All lines at and after the one containing "UtKabinetderZotheid_HelpendeHandjes_banner", up to the end of the listing below, are to be printed exactly, with the pictures omitted.
+++ Data extract
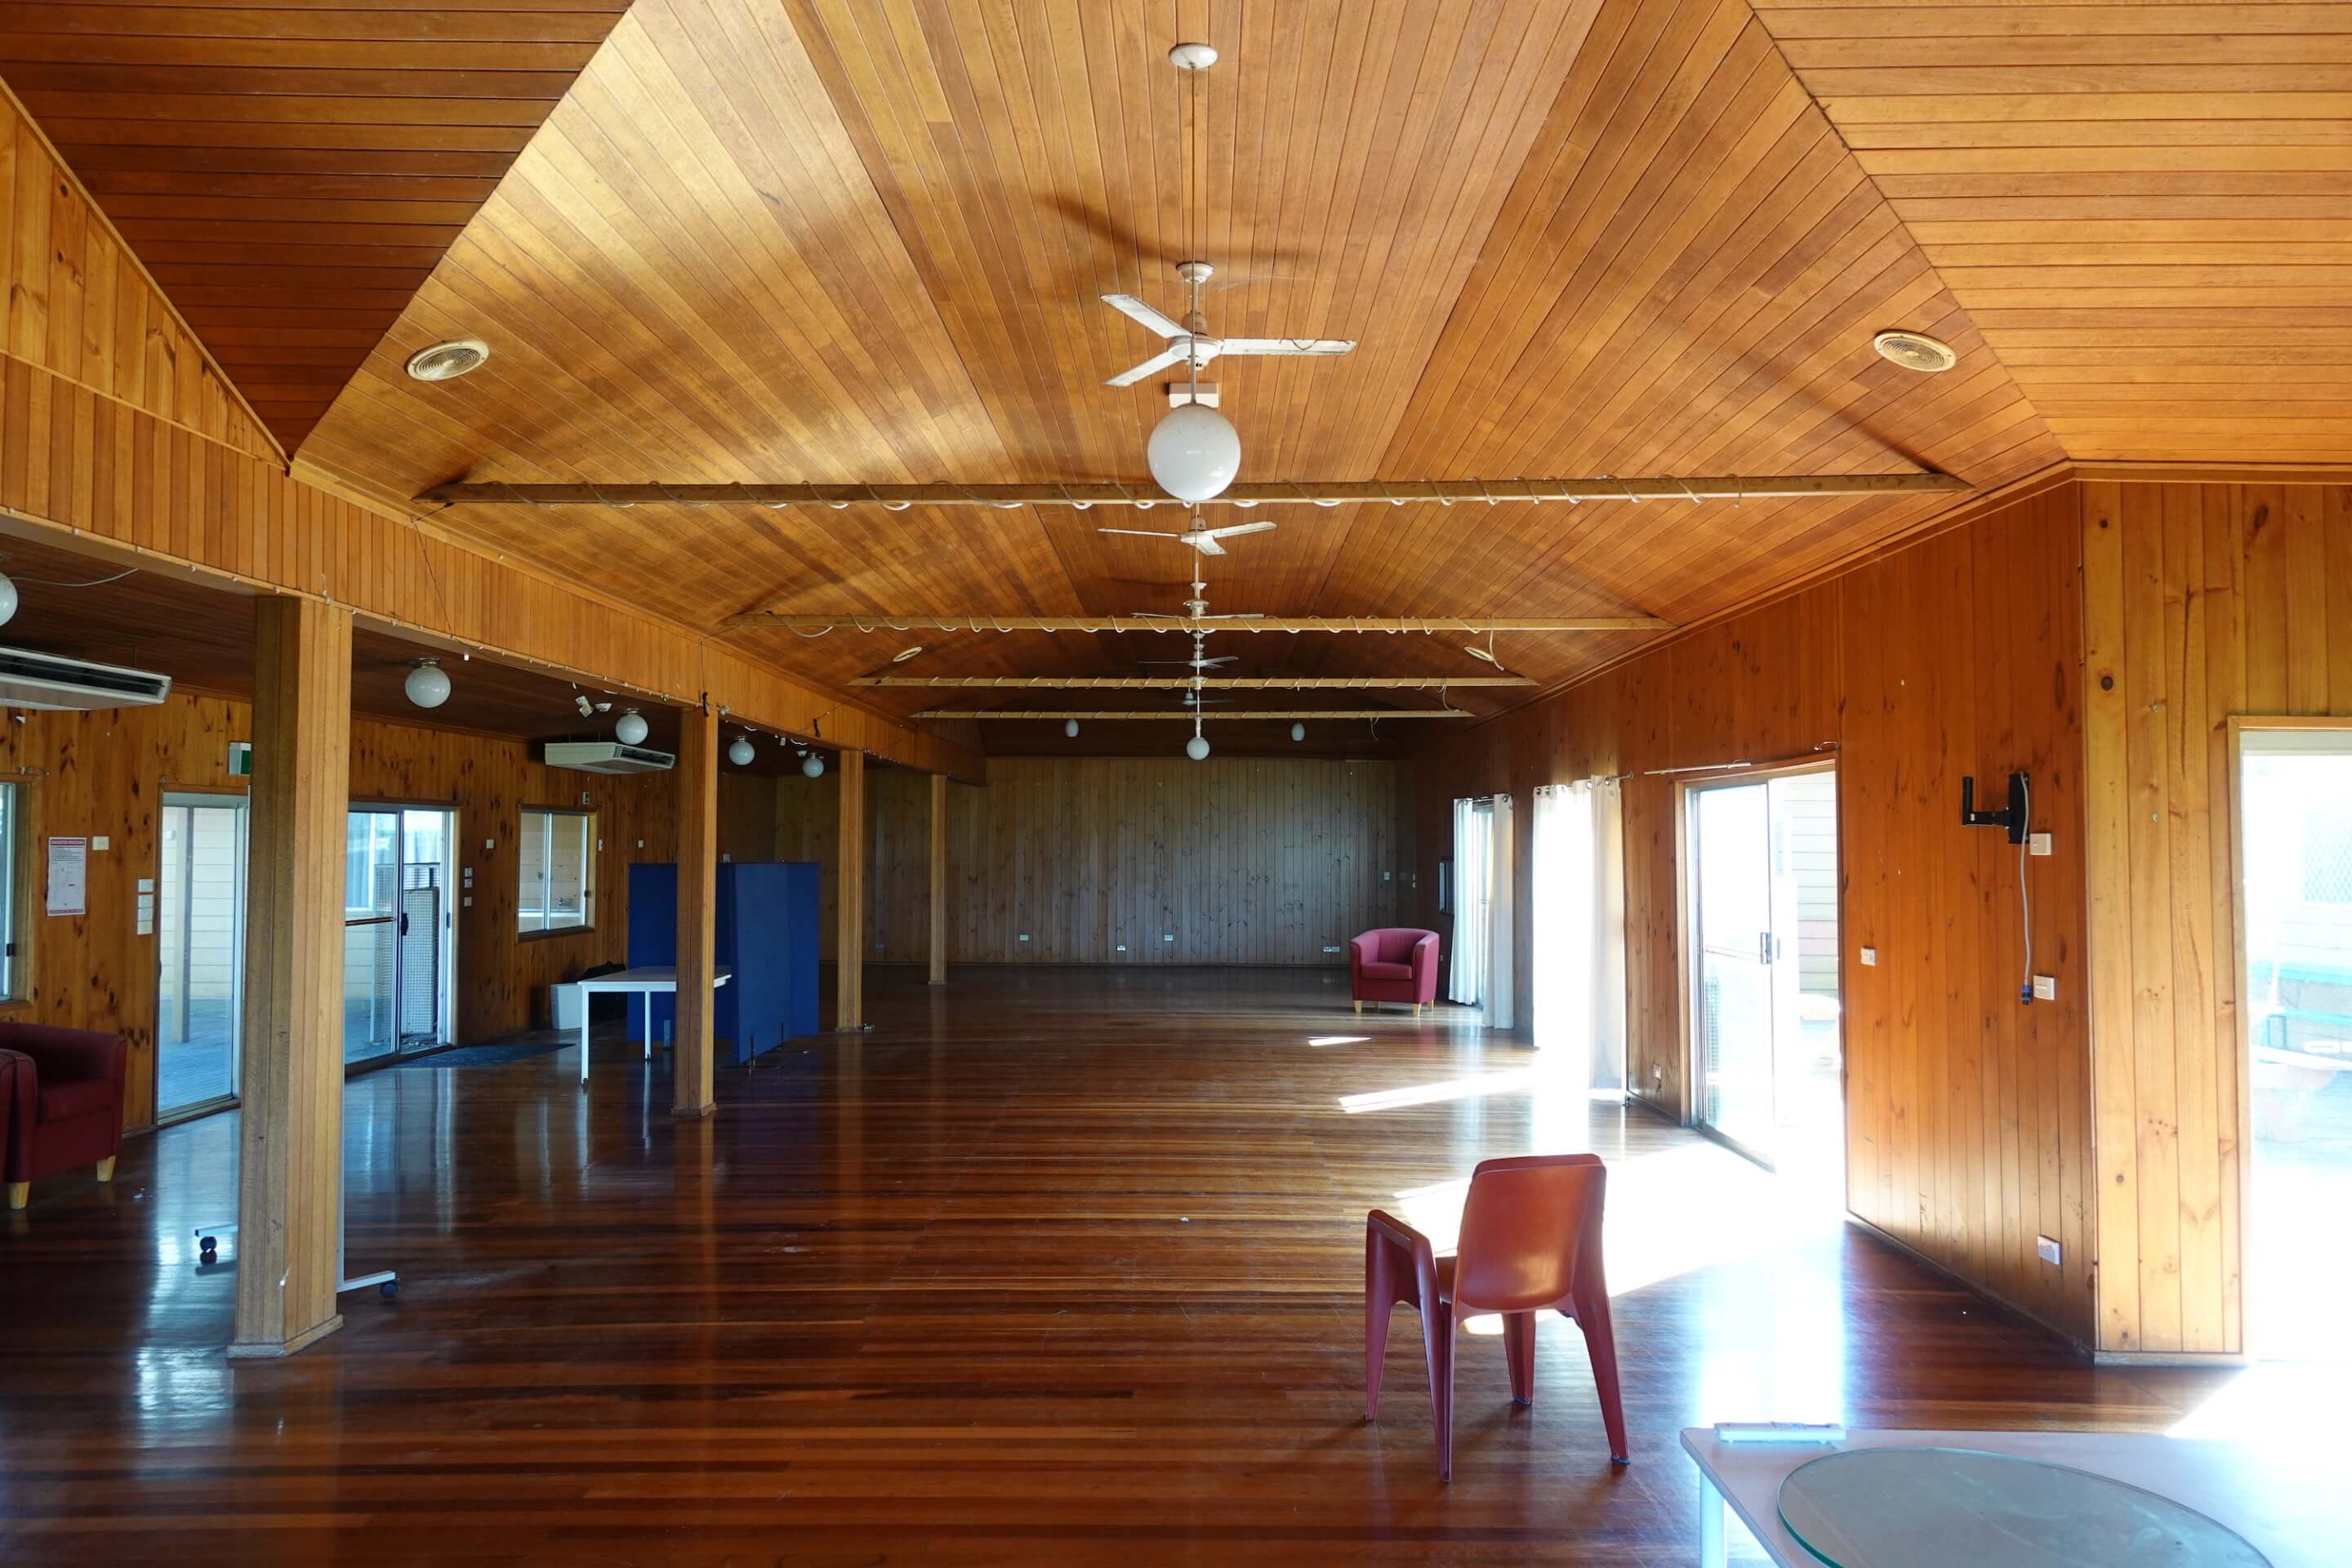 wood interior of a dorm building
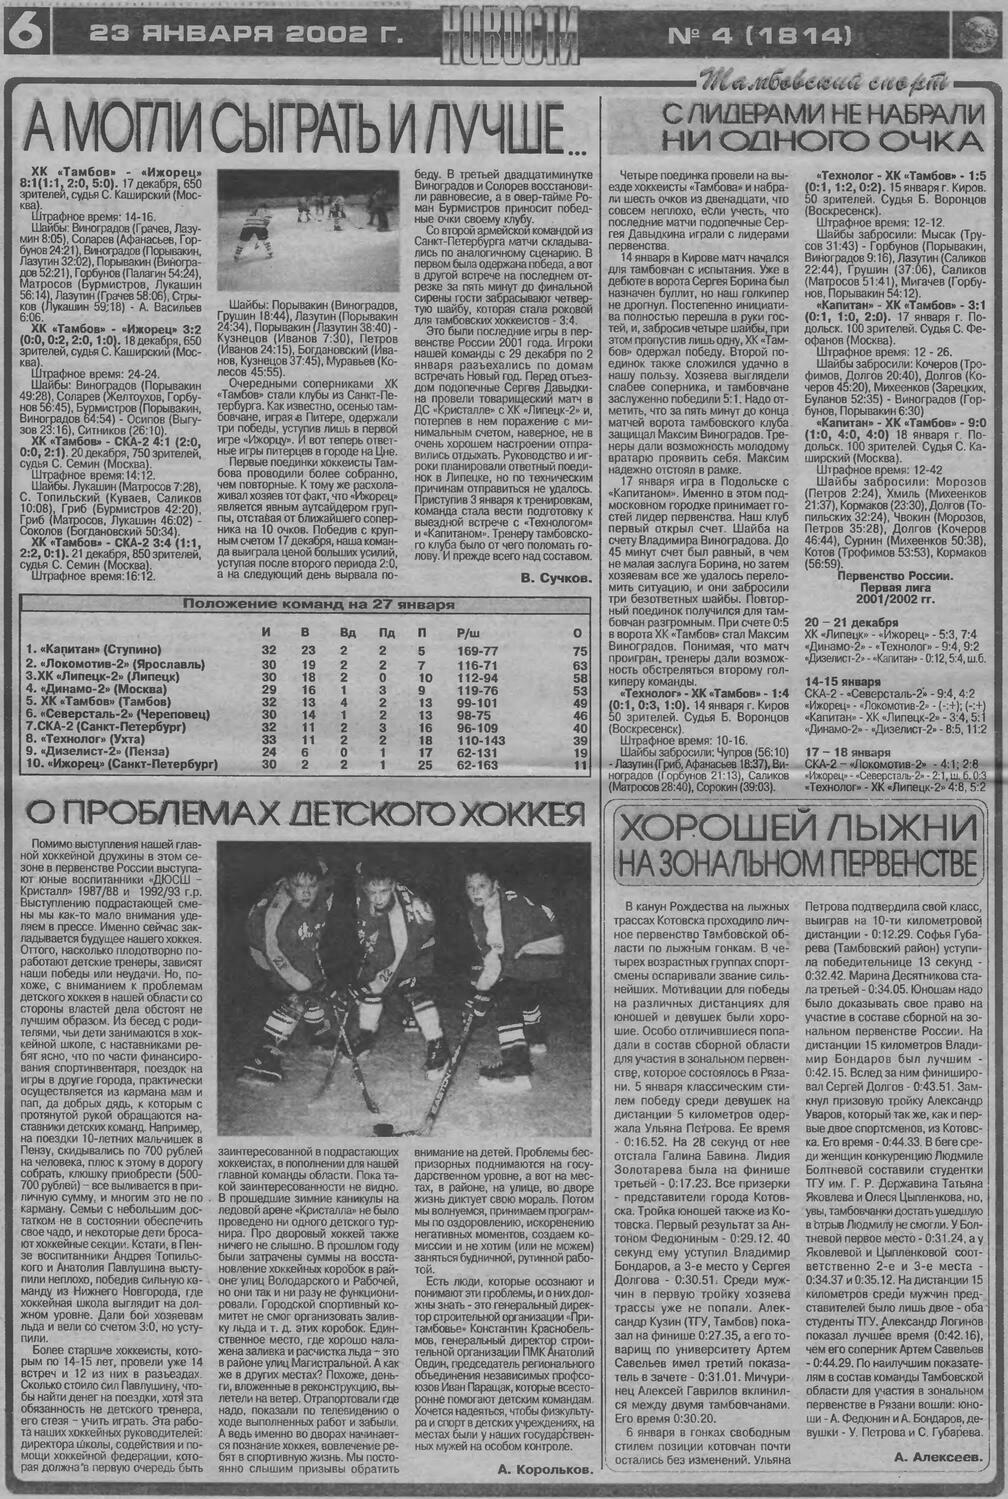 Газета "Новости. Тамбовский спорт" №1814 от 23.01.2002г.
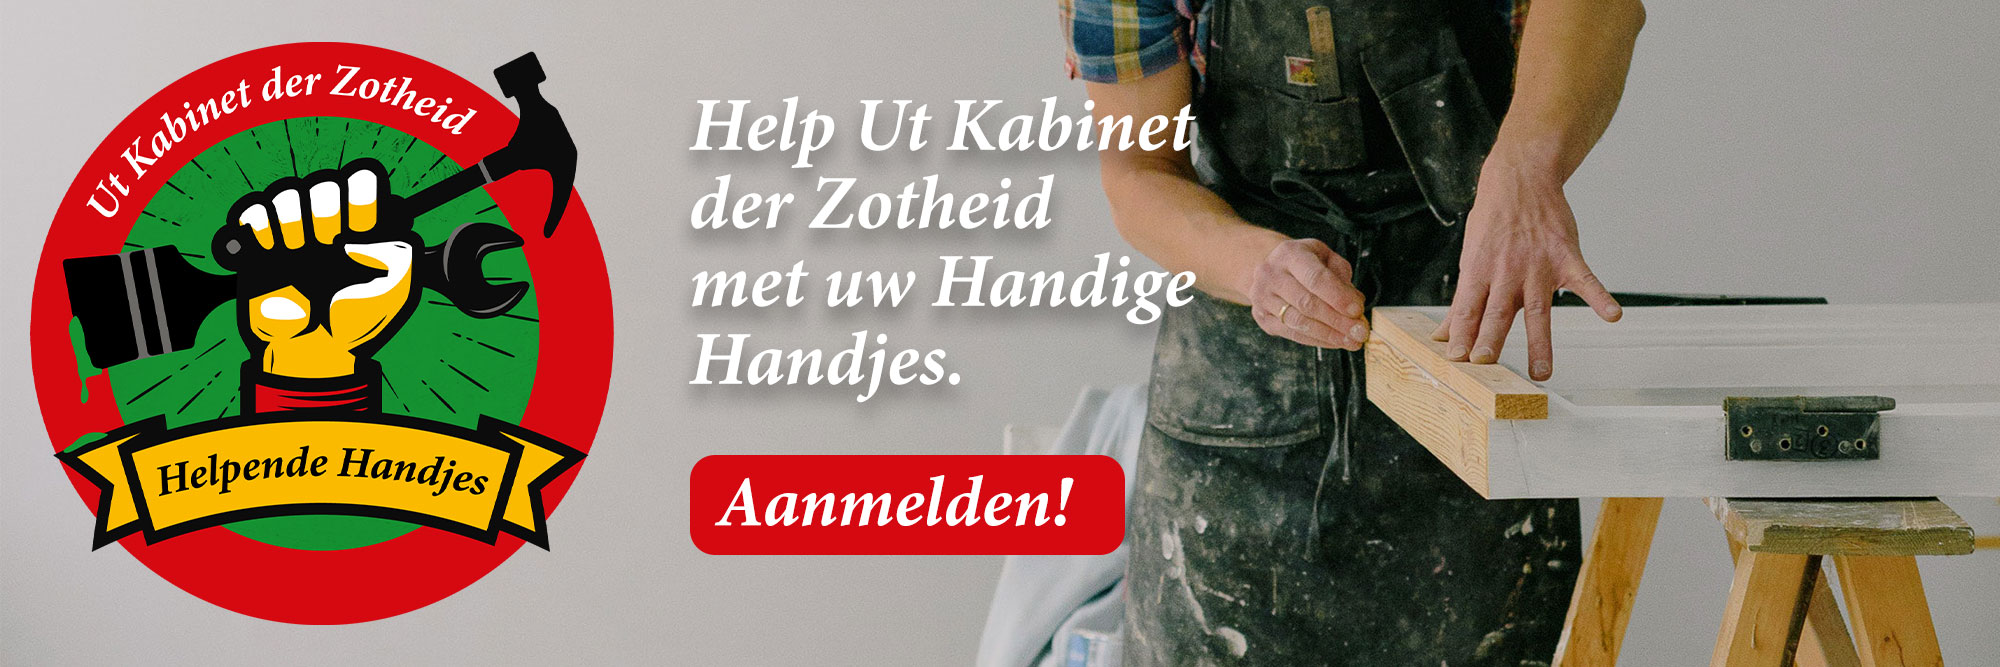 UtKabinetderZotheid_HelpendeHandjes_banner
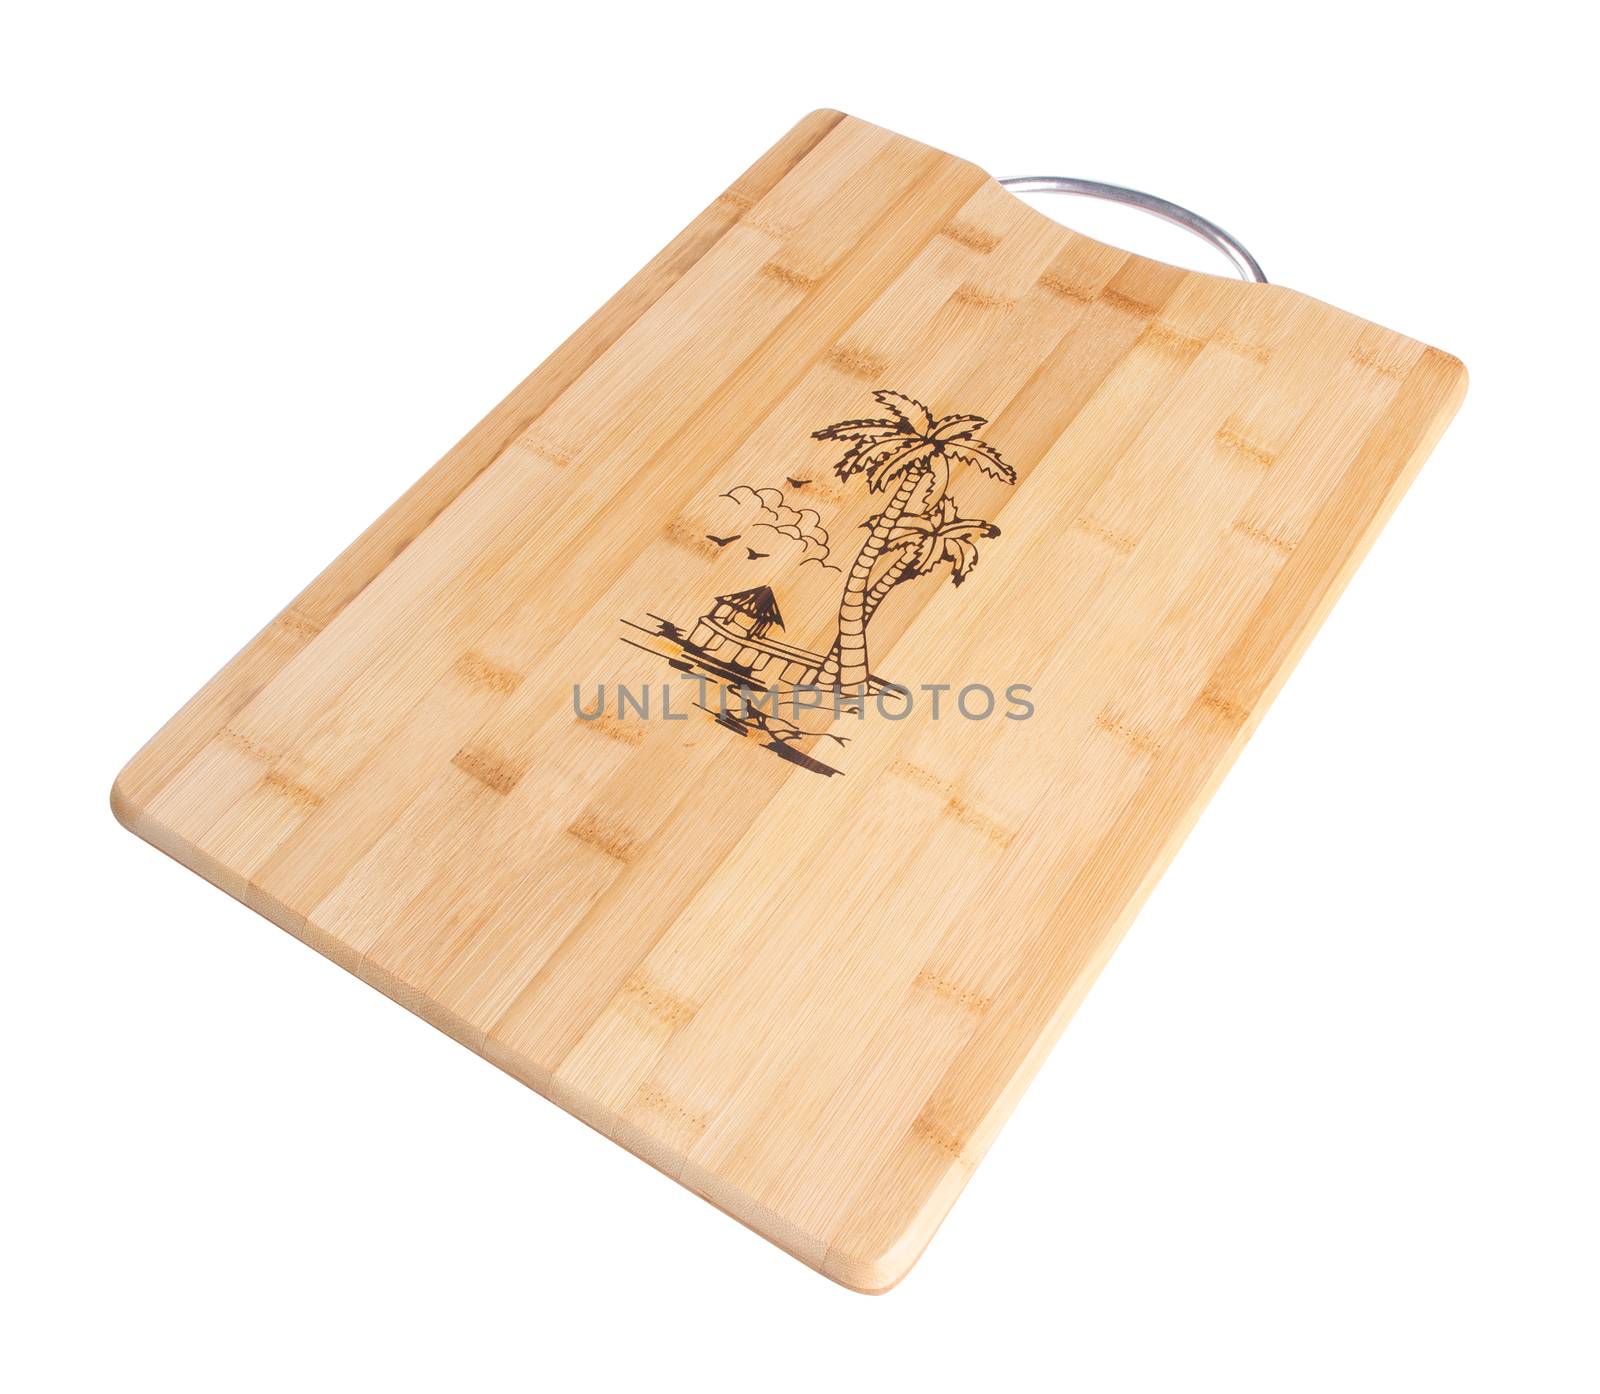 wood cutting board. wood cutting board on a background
++++++
• Worked solution:
 UtKabinetderZotheid_HelpendeHandjes_banner
 wood cutting board. wood cutting board on a background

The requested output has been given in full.